Anterior cingulate cortex is activated when model entropy increases and predicts pupil change
Having provided evidence that neural model uncertainty may be increased via pupil-linked neuromodulatory mechanisms, we next asked which brain regions are engaged during increases in uncertainty and may regulate changes in neuromodulatory systems. We used a whole brain GLM analysis to identify regions that were sensitive to increases in model entropy, even in the absence of overt action switches (analysis again limited to exploit trials as defined above; GLM7). This analysis identified activity in the ACC and adjacent preSMA that was directionally sensitive to change in entropy (Figure 3e, left).
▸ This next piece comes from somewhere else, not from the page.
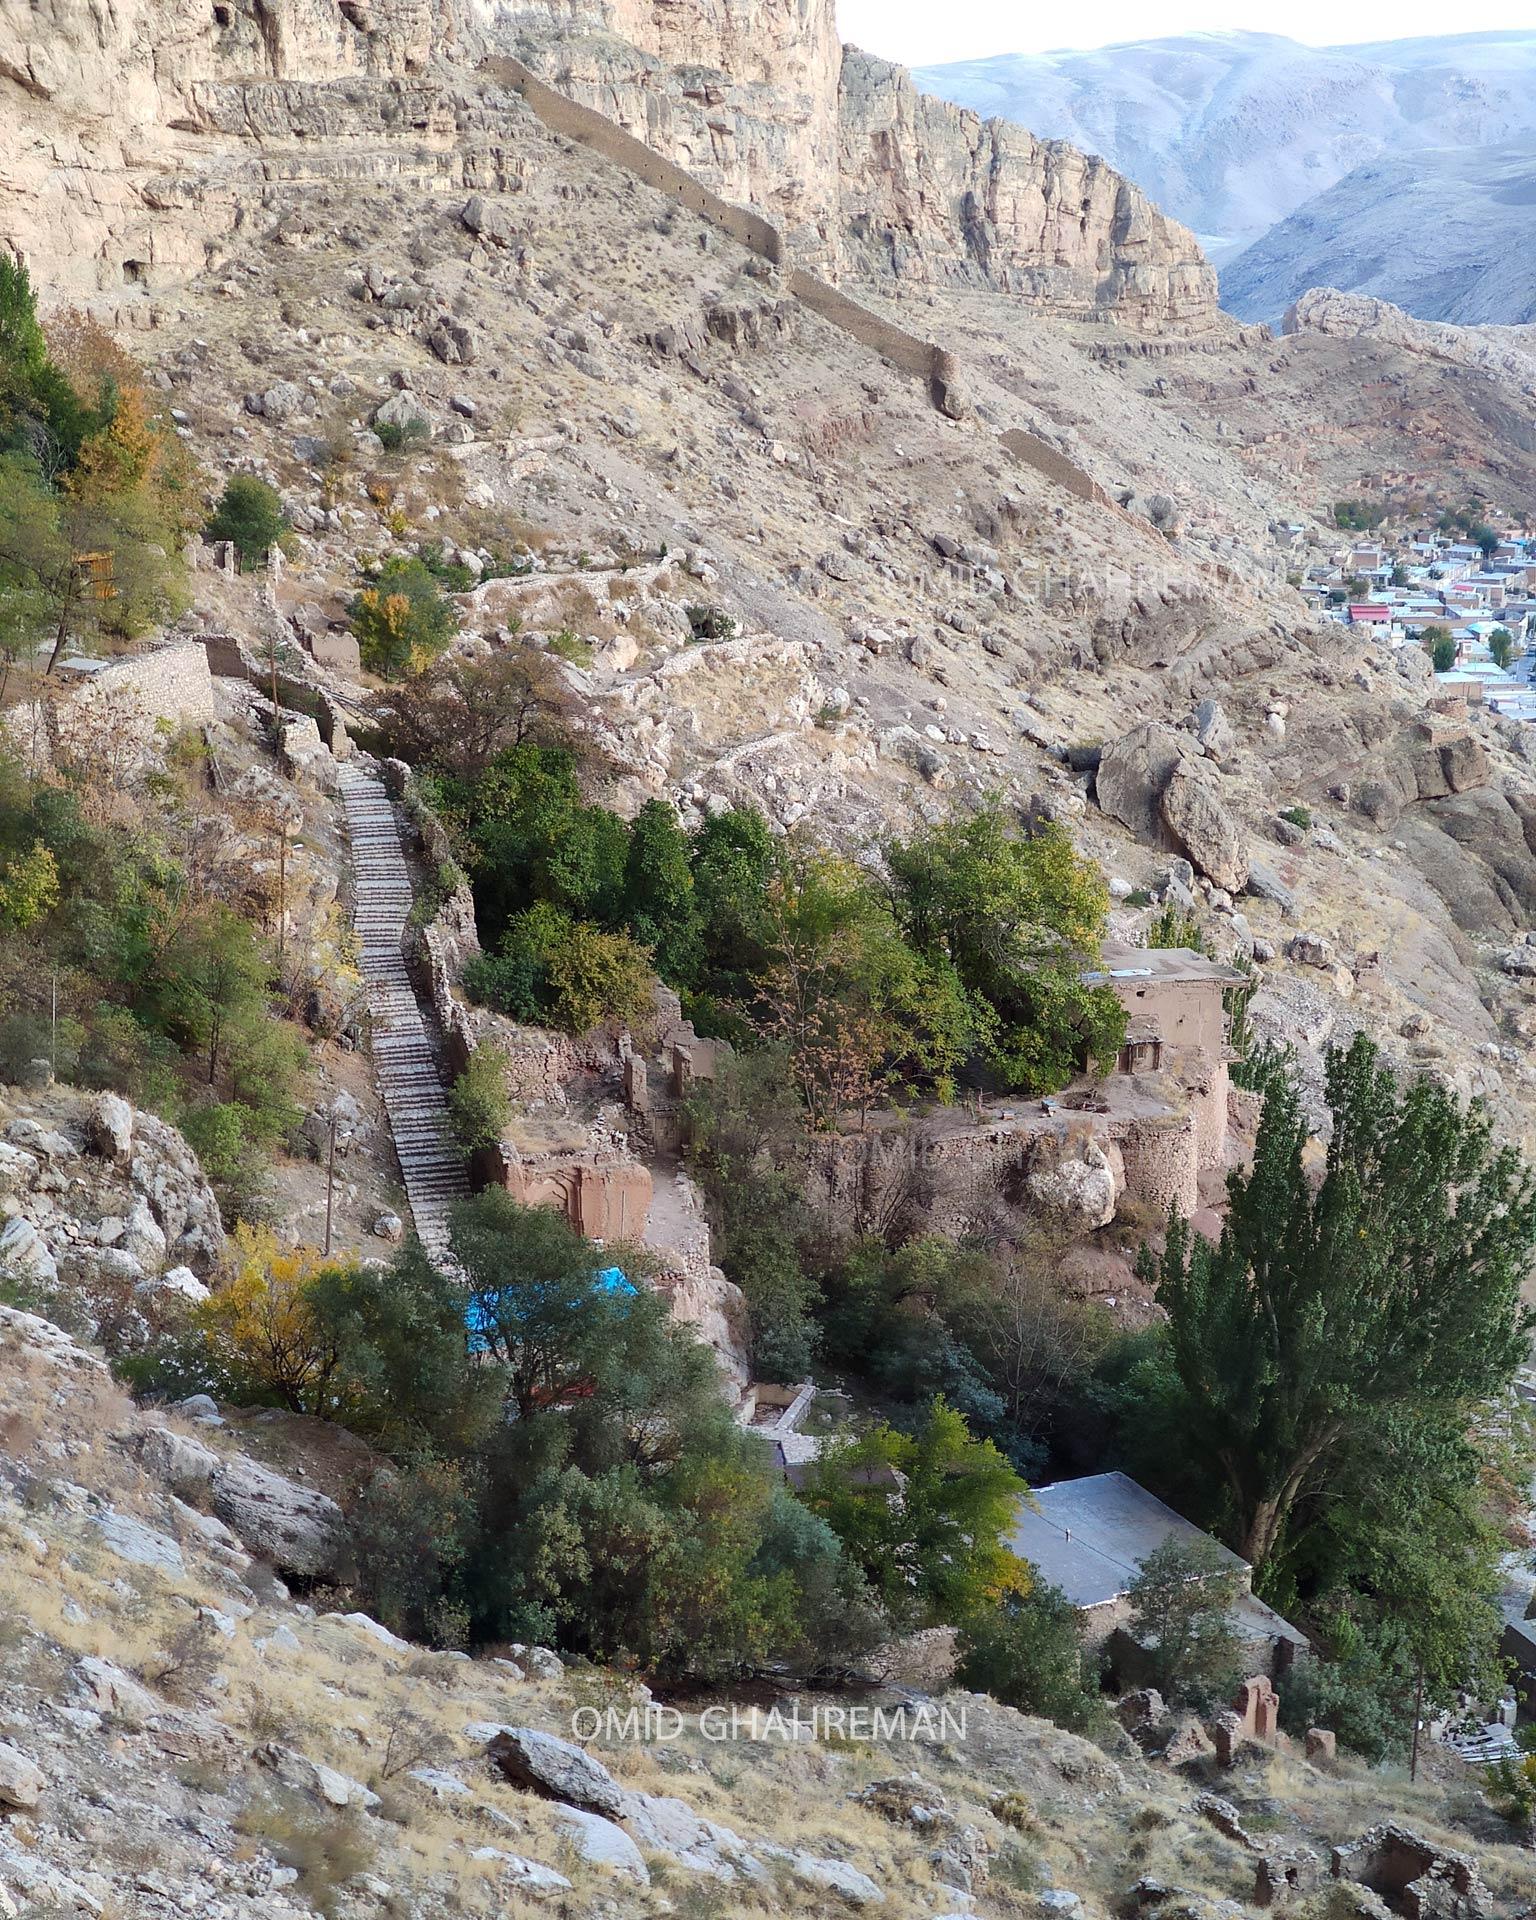 مسیر و پله های قلعه قبان و ماکوی قدیم

The greater the increase in entropy from the previous to current trial, the greater the activity in the ACC and surrounding regions of the dmPFC – that is, these regions were more active when entropy was increasing and less active when it was decreasing. These results are consistent with the observation ACC has been associated with the processing of feedback that should lead to changes of belief (O'Reilly et al., 2013).
ACC is one of the few cortical regions reported to have an afferent influence on the noradrenergic LC (Jodo et al., 1998) . This provides at least one anatomical route by which, if ACC is responsible for computing changes in beliefs, it may be able to broadcast increases in uncertainty to other brain regions via a neuromodulatory route. To probe the relationship between ACC and pupillometric effects, we asked where in the brain univariate activity predicts changes in baseline pupil size. We conducted a whole brain GLM analysis, again focused on the exploit period, in which univariate brain activity at each voxel was the predictor variable and change in pupil size the dependent variable; change in model entropy was included as a co-regressor. Pupil dilation is globally correlated with neural gain (Eldar et al., 2013), and we observed a strong correlation of pupil size with mean BOLD signal across the entire grey matter. When we controlled for this global effect by including mean activity across the grey matter as a co-regressor of no interest (GLM8), we observed a localized effect in ACC such that ACC activity on a given trial predicted the change in baseline pupil size from that trial to the next (Figure 3e, right; more activity in the brain associated with a greater increase in pupil dilation; corrected for multiple comparisons using permutation testing; p<0.05 at cluster forming threshold of p=0.001). Although we focus on the exploit period, this result is also present when conducting the analysis across all trials (Figure 3—figure supplement 3).
Given that ACC activity predicts pupil dilation and pupil dilation predicts changes in representation strength in mOFC, we tested whether there was a direct relationship between ACC activity and changes in representation strength in mOFC. However, there was no evidence for such a relationship (activity extracted from an ROI defined on peak of the ACC effect from either GLM7 or GLM8 did not have a significant relationship with change in representation strength in mOFC; p>0.1 for all trial subsets tested). This may reflect the fact that both brain measures have relatively low SNR compared to the pupillometry data, to which both were significantly related.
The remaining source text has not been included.